La dichiarazione condanna infine il degrado ambientale e le violazioni dei diritti umani legate all’estrazione mineraria, chiedendo il rispetto del consenso libero, preventivo e informato delle comunità coinvolte, in linea con la Convenzione 169 dell’OIL e l’Accordo di Escazú.

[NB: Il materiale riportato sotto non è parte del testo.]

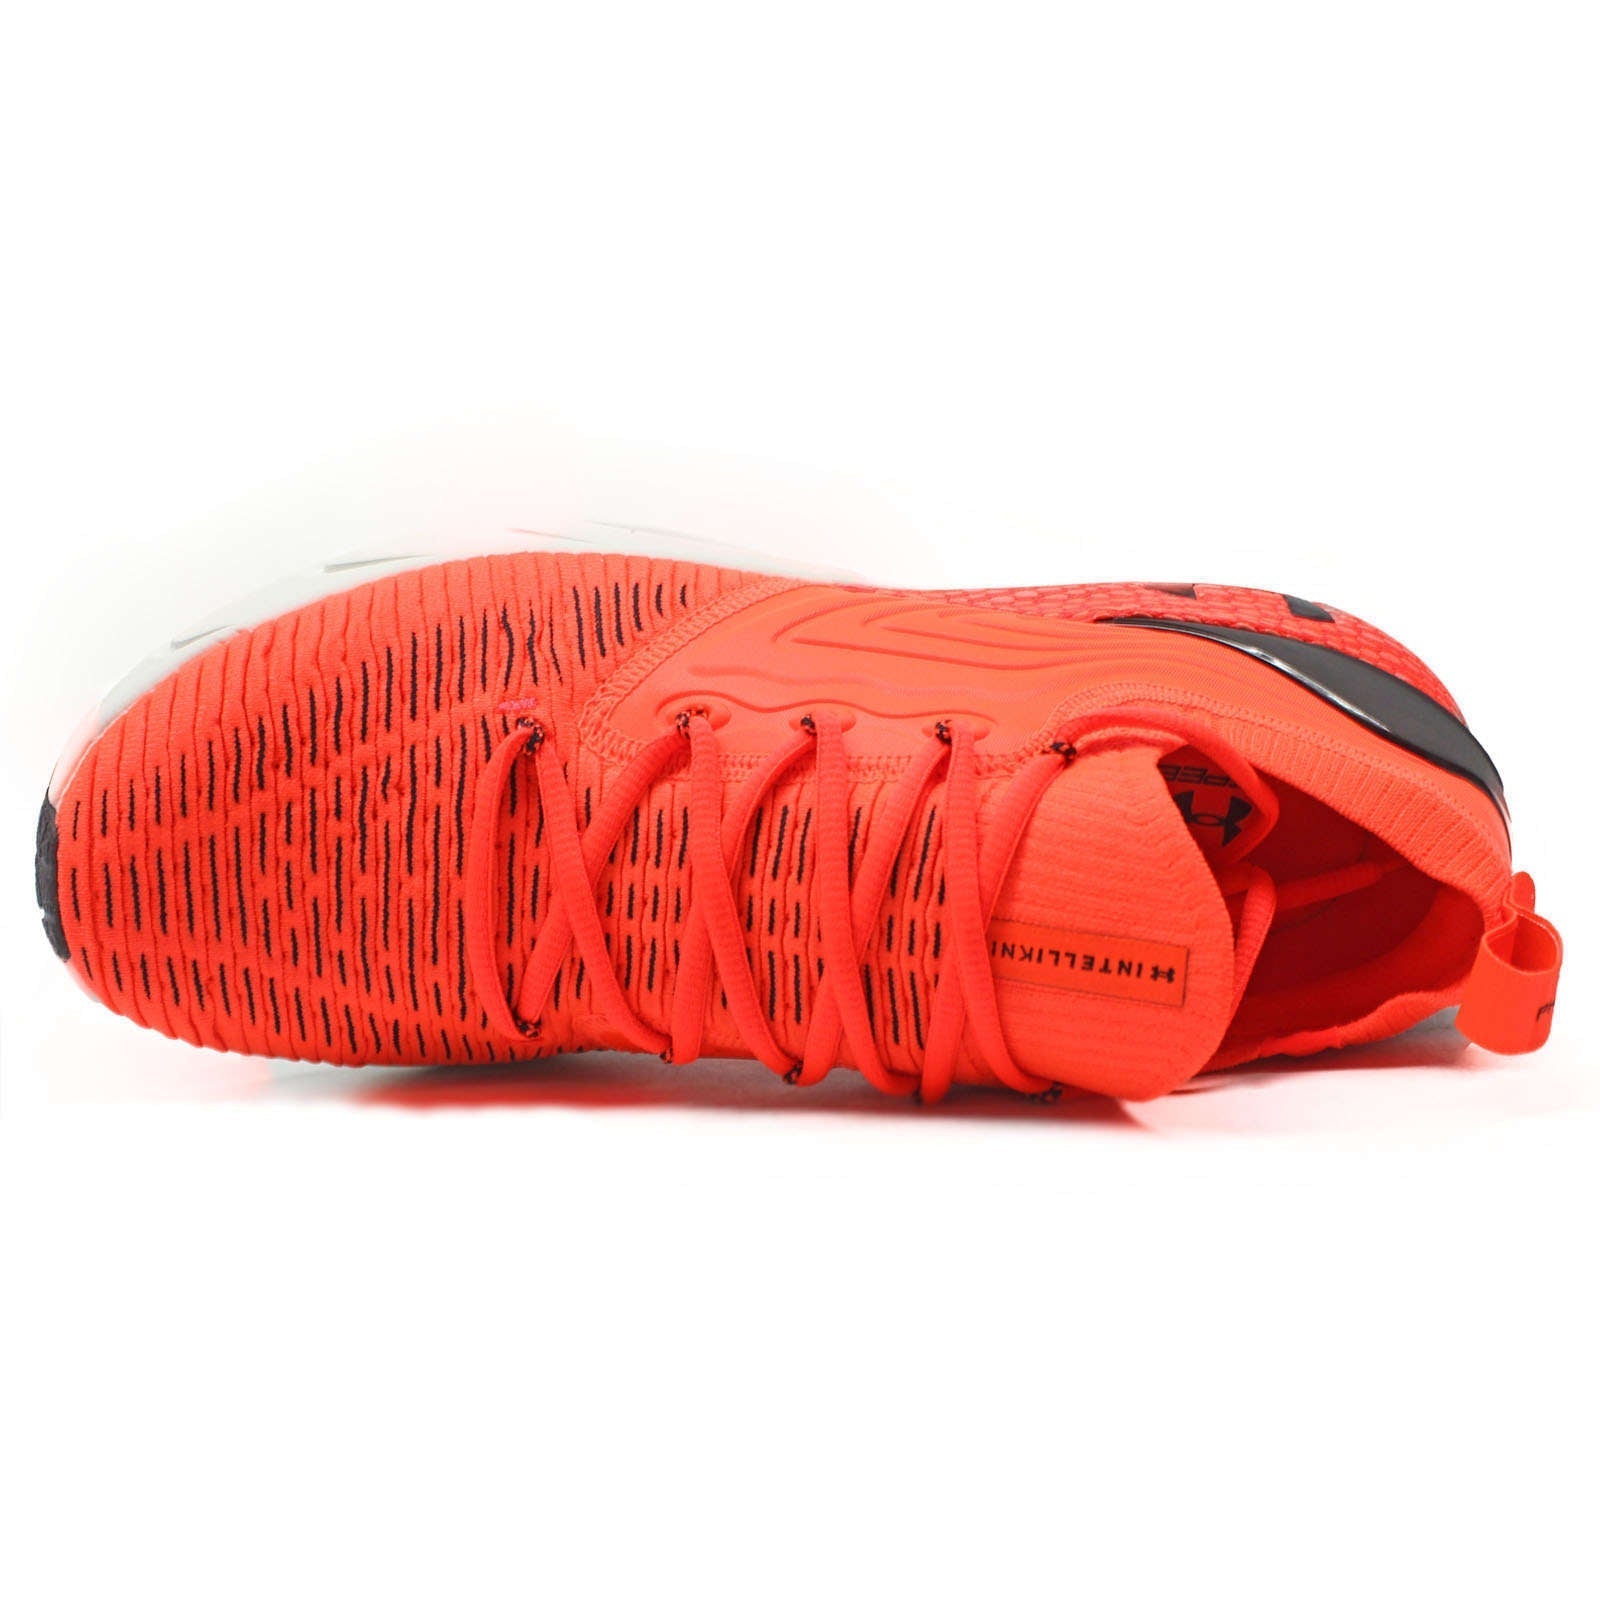 Under Armour HOVR Phantom 2 INKNT Synthetic Textile Men's Low-Top Sneakers#color_orange orange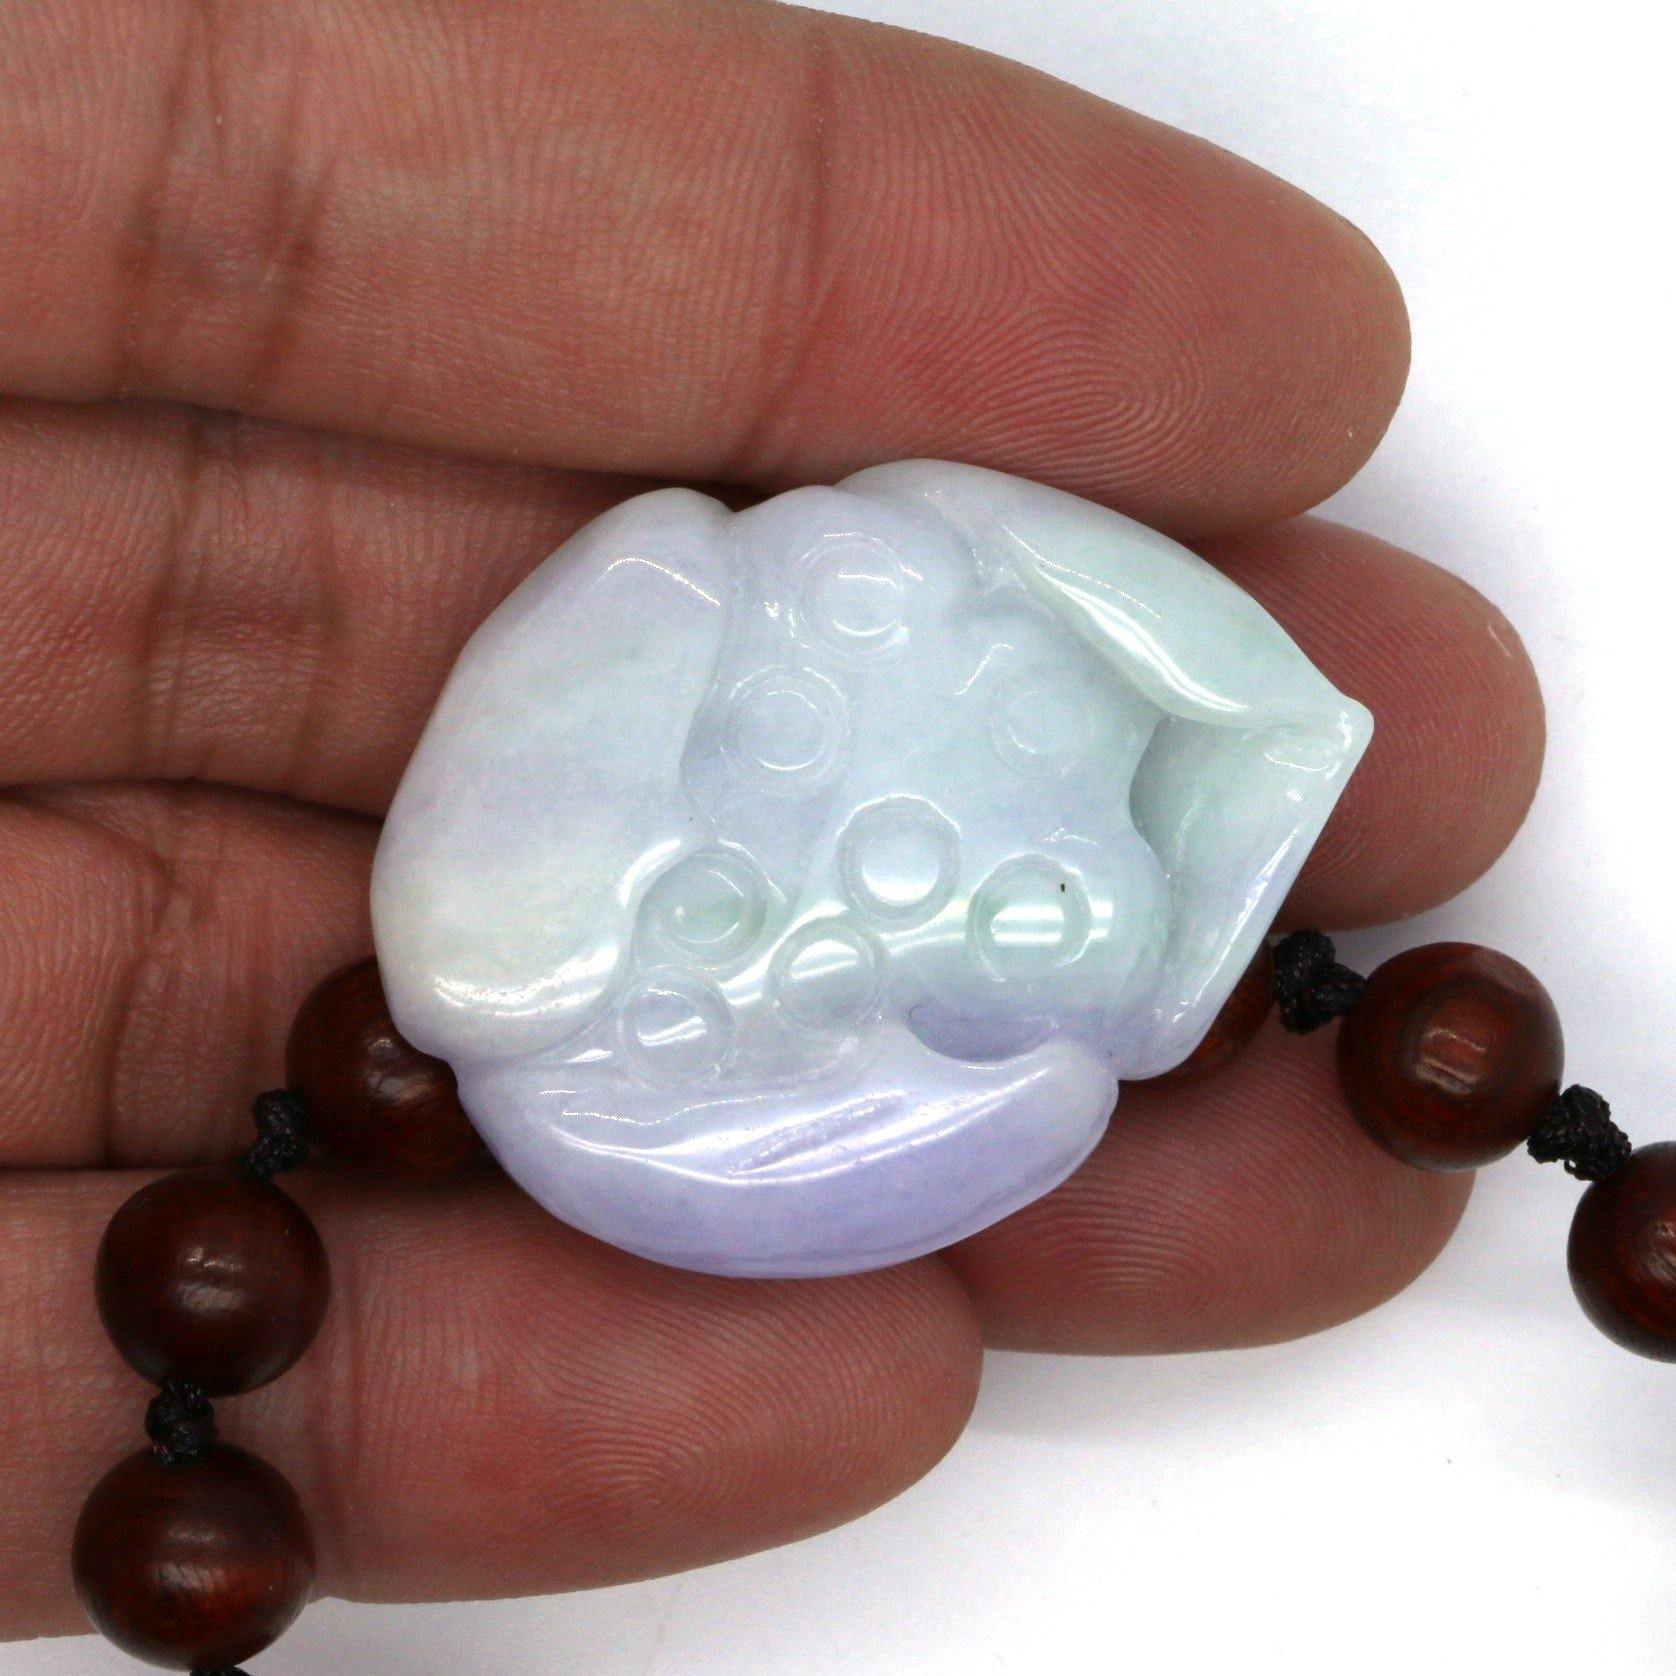 A Grade Jadeite Jade Necklace Item no B08SLP3Z2W - Jade-collector.com

Le nuove iniziative strategiche europee, come il Global Gateway, sono invece ancora marcatamente estrattiviste mirate a privilegiare gli interessi delle imprese europee a discapito dello sviluppo locale, della lotta alla povertà e della tutela dei diritti umani. Per tutto questo, la società civile riunite in un vertice parallelo a quello dei leader mondiali, chiede una revisione urgente degli accordi commerciali, sostituendo la logica estrattivista con un quadro di commercio equo, democratico e sostenibile e lancia un appello a UE e America Latina-Caraibi affinché, rappresentando insieme un terzo dei membri delle Nazioni Unite, promuovano un nuovo modello commerciale globale, fondato su giustizia climatica, equità sociale e sviluppo sostenibile. Senza processi equi, giustizia sociale e protezione sociale, non può esserci una transizione giusta; senza partecipazione, non c’è democrazia.